Pouco mais de um mês depois, Guilherme de Almeida volta a escrever sobre “mistério da Várzea” em outra crônica, com o título Monumento[4].  Ali somos informados de que o misterioso monumento era um presente que “a inteligente e trabalhadora colônia síria, aqui domiciliada, acaba de oferecer à cidade”. Curiosamente, embora elogie o grupo escultórico, Guilherme de Almeida não se preocupa em declinar o título do monumento e tampouco seu autor. Por que tamanho desinteresse? Por que declarar que houve a inauguração do monumento no dia anterior e, logo na sequência, passar a falar, como veremos, da série de monumentos da cidade, sem nomear a obra em questão e nem seu autor?
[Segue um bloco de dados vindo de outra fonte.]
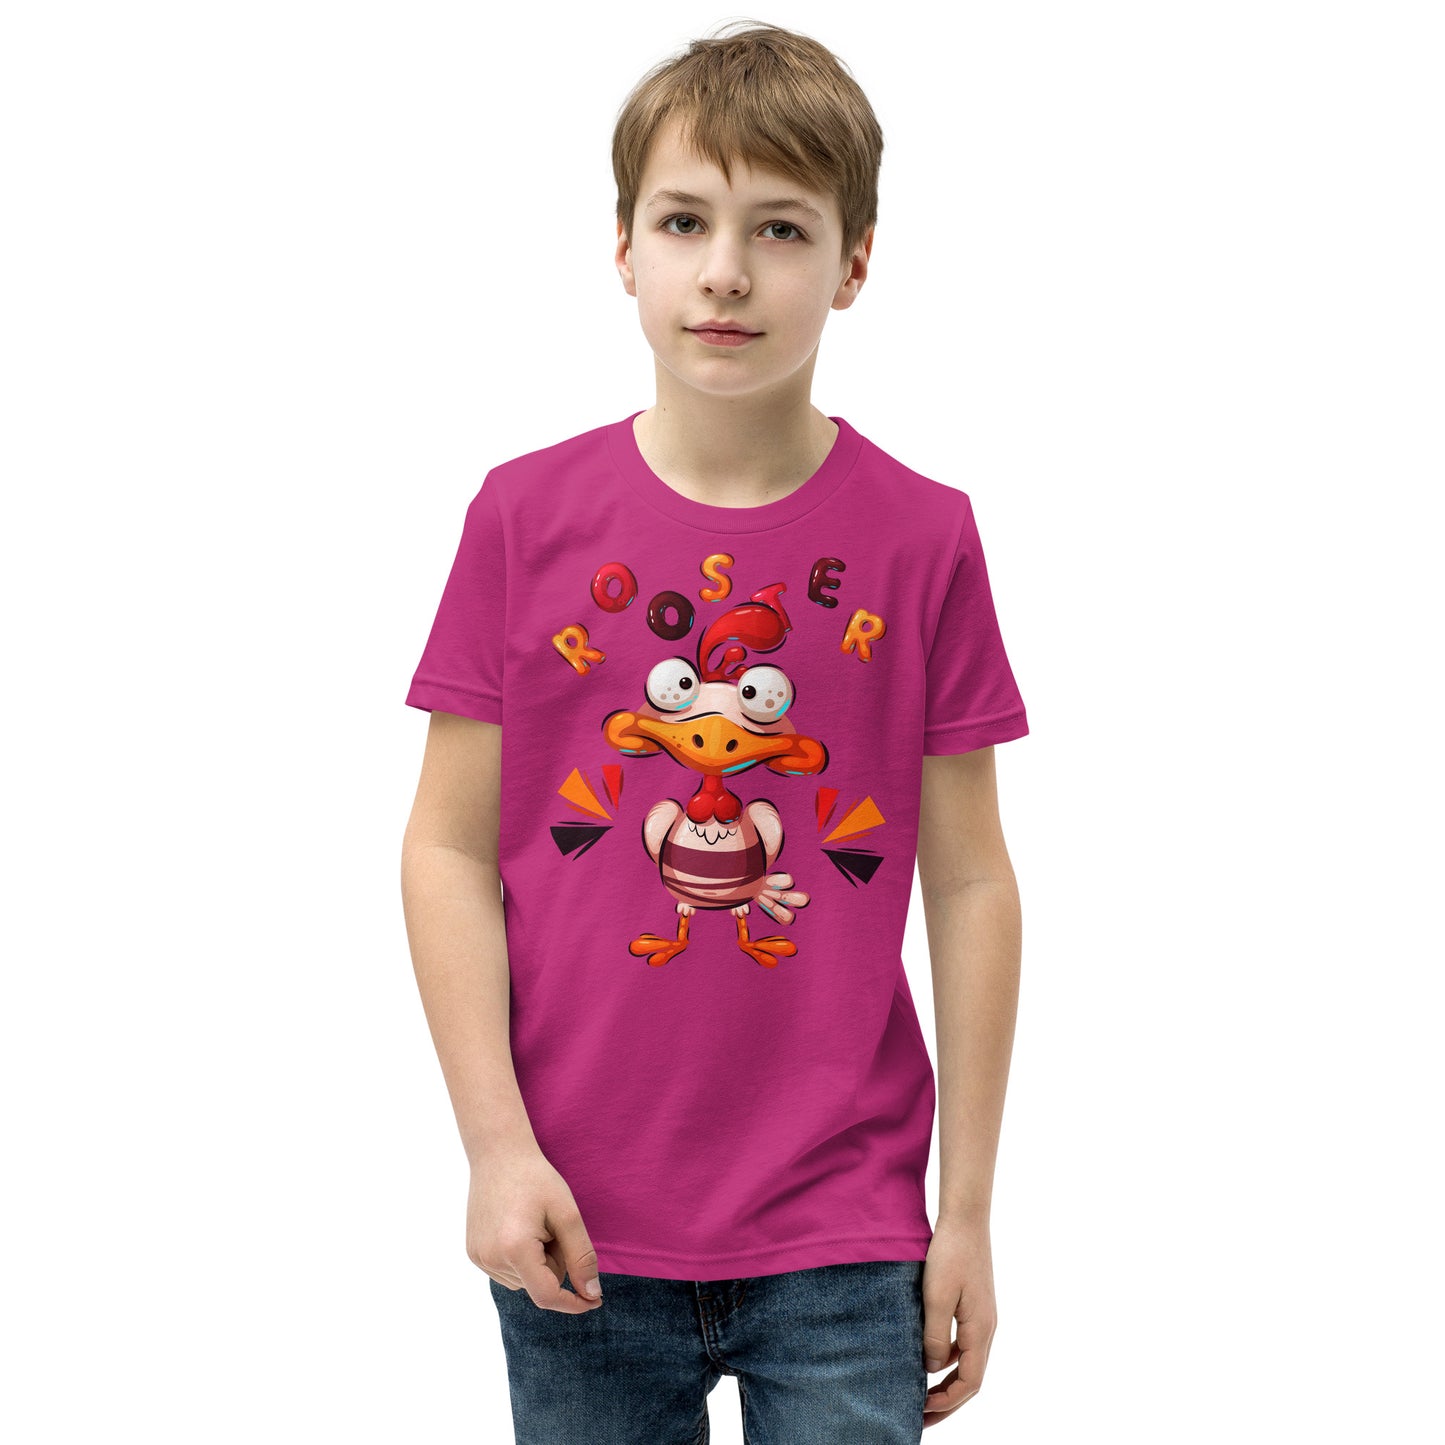 Crazy Rooster T-shirt, No. 0263

Apesar de ter visto o resultado com bons olhos, no monumento recém-inaugurado nada desperta atenção especial de Guilherme de Almeida ou, pelo menos, não da mesma maneira que despertavam seus pedaços desconexos, quando ainda não configuravam um conjunto com conteúdo ou “significado” preestabelecido pelo escultor italiano Ettore Ximenes, autor tanto dessa obra quanto do Monumento à Independência, instalado em frente ao Museu Paulista. Antes, aqueles pedaços de bronze eram “significantes” sem “significados” aparentes e, por isso, pulsavam repletos de mistério. Soltos e anônimos, eram muito mais atraentes e sedutores do que quando encaixados formando uma alegoria que lhes dava um significado arbitrário – uma homenagem sírio-libanesa ao Brasil. Essa identificação direta retirava delas qualquer possibilidade de apenas tensionar o real, sem explicá-lo.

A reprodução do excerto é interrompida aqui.